Понадеемся мы, ребятушки, на сине-море,
Что на синее море, на Хвалынское…
– А смена в дозор пошла? – своим сильным голосом крикнул Степан по над берегом.
– Собираются… – отозвался Черноярец.
– Чтобы не дремали там!.. Весенний караван должен быть совсем близко…
– Не упустим!..
Тихон Бридун, старый, толстый, как бочка, запорожец, весь из лица багровый, с белыми висячими усами, залысив грязную шапку на затылок, из облака пахучего дыма своей люльки рассказывал сиплым баском о том, как, бывало, запорожцы в море «гулять» ходили, как шарили они по турецким берегам на своих чайках, как бились с турецкими галерами в мор, как уцелевшие с песнями возвращались на Сечь, перегруженные парчой, и шелками, и оружием дрогоценным, и коврами, и арабскими цехинами, и испанскими реалами, и камнями самоцветными…
– Ну, тильки у нас у Сичи зовсим инши порядки були… – сипло басил он, покашливая и пуская клубы дыма. – У нас сувористь у вам була, що твий монастырь, тильки що монахи Бога молять, а мы саблею та рушницею орудуем… А то зовсим монахи – даже и пьянствовали немов монахи… – затрясся он в беззвучном хохоте. – Но усе, те тильки до похода. А коли который взяв та на походи напився, без усяких розговорив у воду. Коли украв – смерть, кошевый не писля закону в чим поступив – смерть, бабу в курени привив – смерть. Або коли котрый постив не соблюдае або в церковь до причастия не ходить – ого-го-го-го!..
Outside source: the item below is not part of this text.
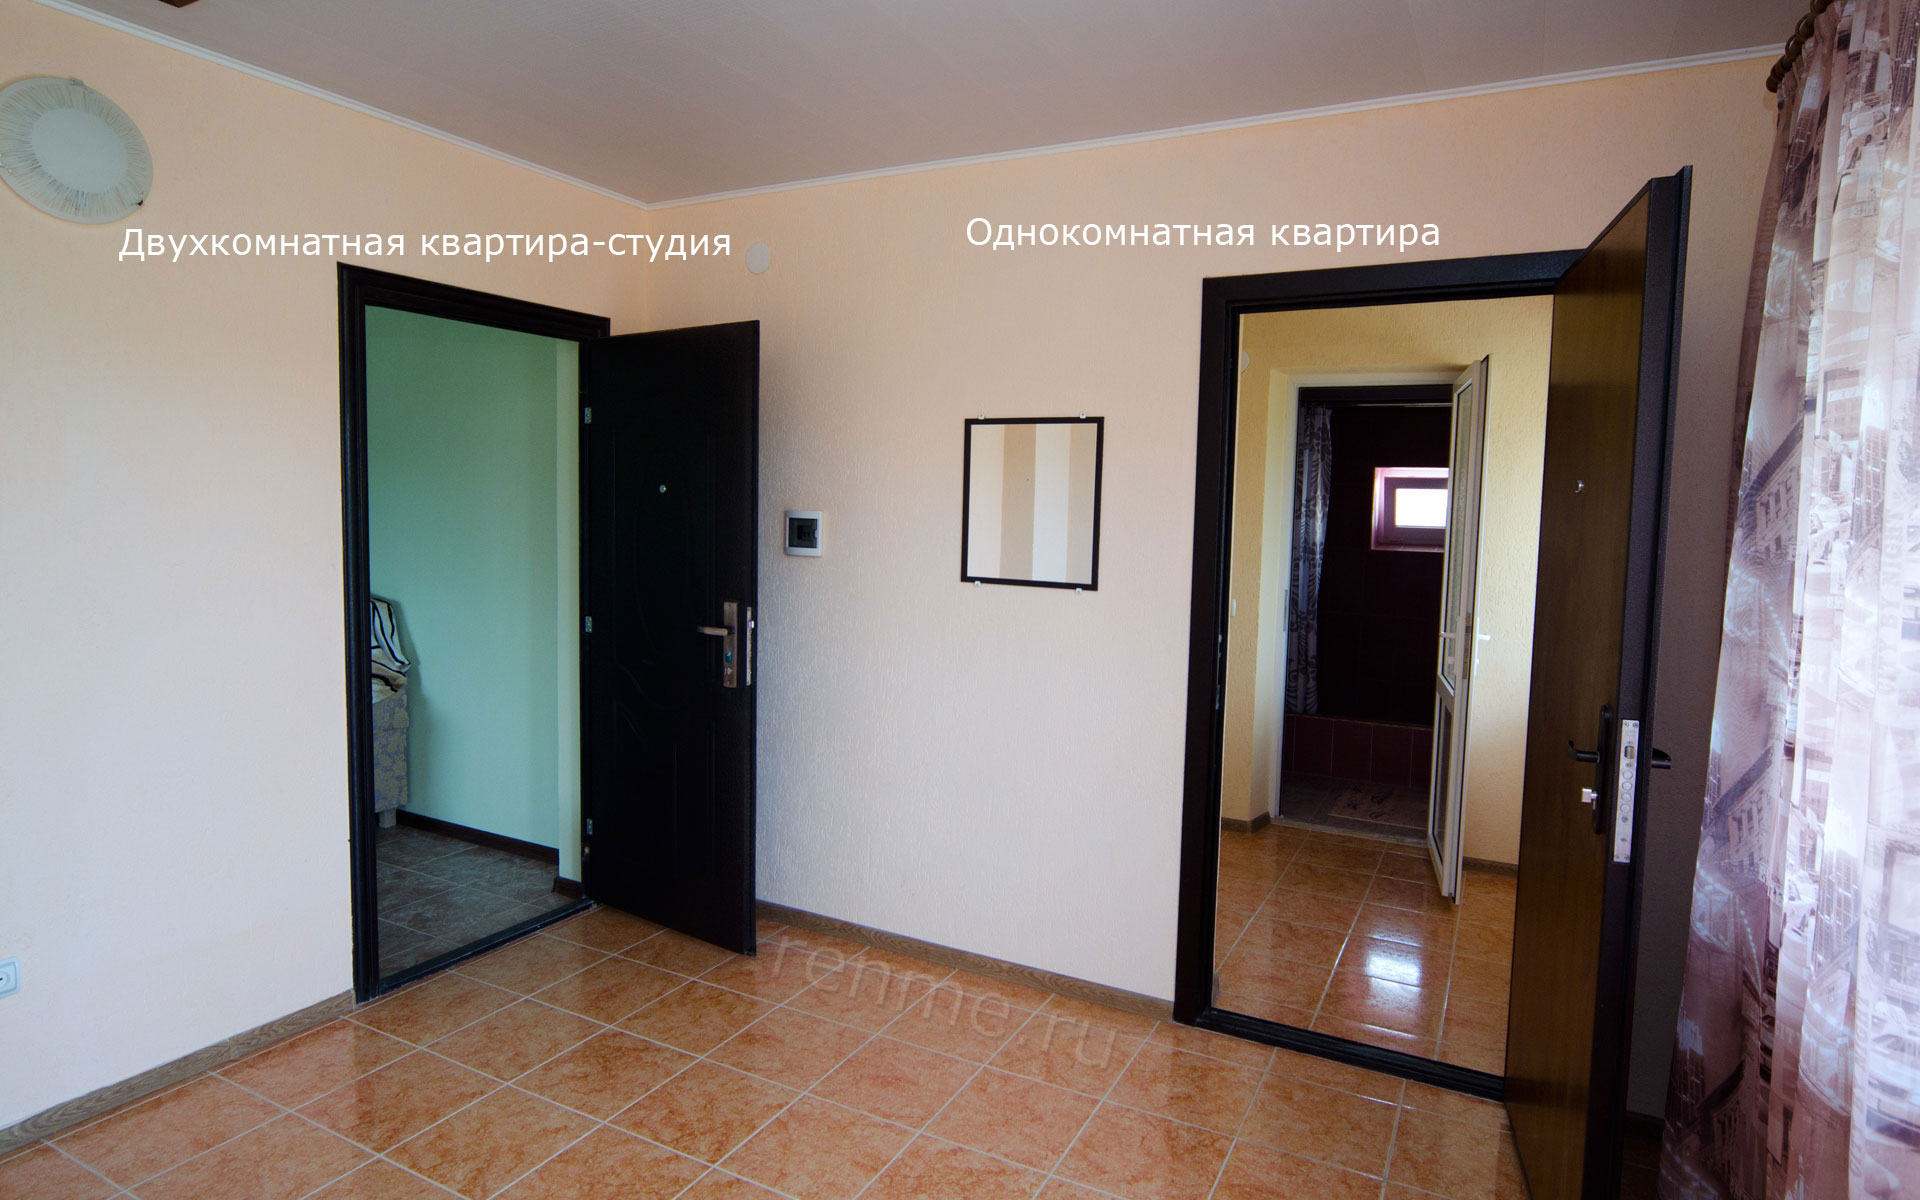 Холл. Двухкомнатная квартира-студия. Апарт-отель на ул. Гайдара. Заозёрное
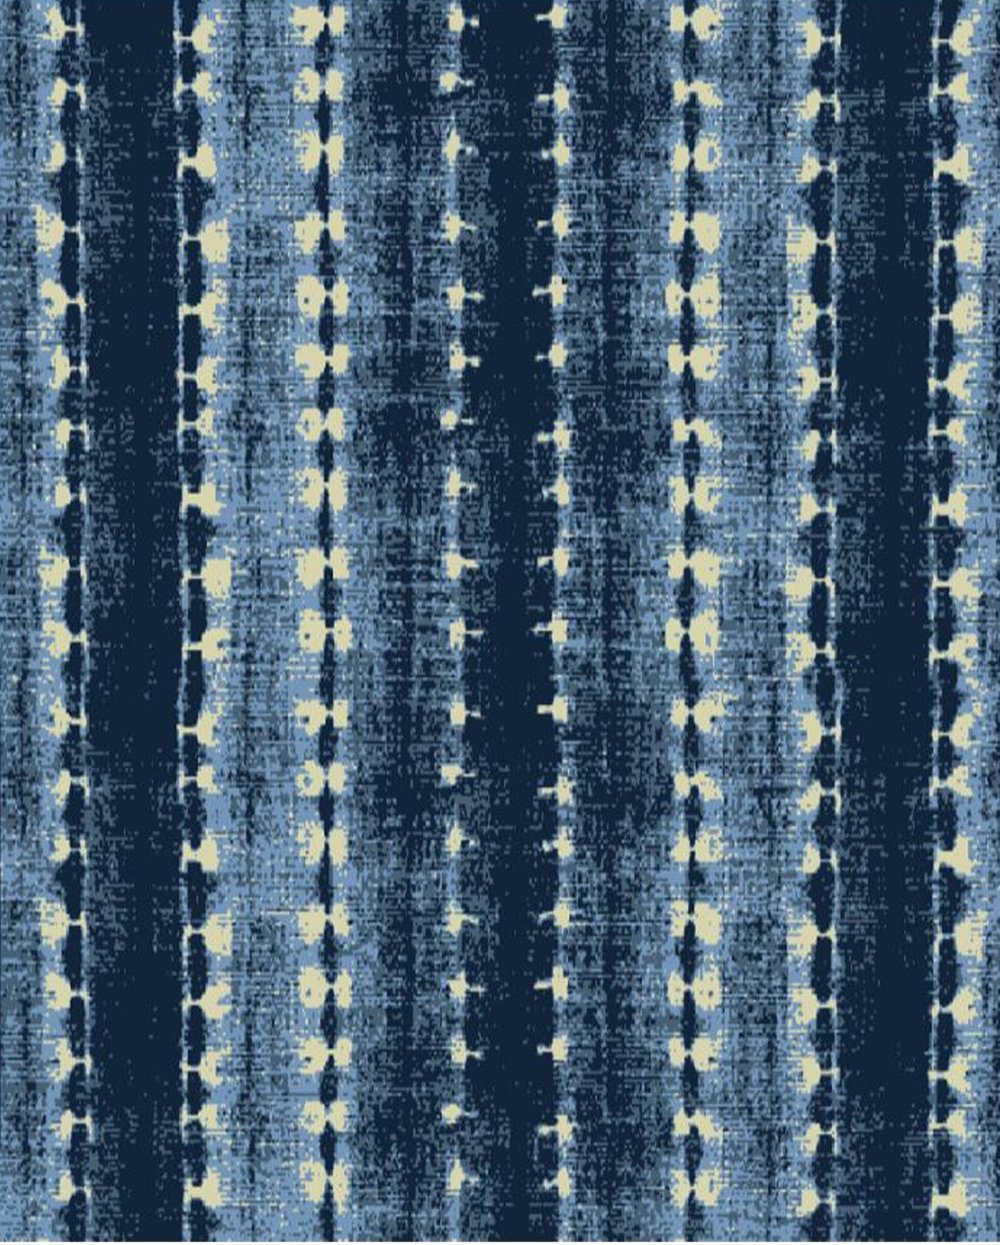 EF 6-17-18 RUG 2 , 8X10 , 40 Knots (Design Plate) (2).jpg

– А по моему, ни к чему все эти строгости-то ваши… – замитил Филька Мижгородец, жидкий, худой оборванец с лицом замученной клячи. – Довольно строгости-то повидали мы и прежде, а теперь одно: гуляй, казак, душа нараспашку…
И казаки, одобрявшие до того Тихона Бридуна, одобрили и Фильку: в самделе, на кой пес эти вериги-то на себя одевать? Сегодня жив, а завтра помер…
У другого костра, над самым обрывом, слышался смех: там, по своему обыкновению, молол что-то Трошка Балала, щуплый мужичонка с маленькой, глупой головенкой на тонкой и длинной шее, худощавым и румяным личиком и хитрыми глазками. Трошка был враль совершенно необыкновенный, и, по словам казаков, вся станица вместе за год не врала столько, сколько мог наврать Трошка за один вечер. Над ним смеялись в глаза, открыто презирали пустобреха, но не слушать не могли: до того занятно гнул он всякие небылицы и до того нелепы и ярки были все эти его похабные прибаутки.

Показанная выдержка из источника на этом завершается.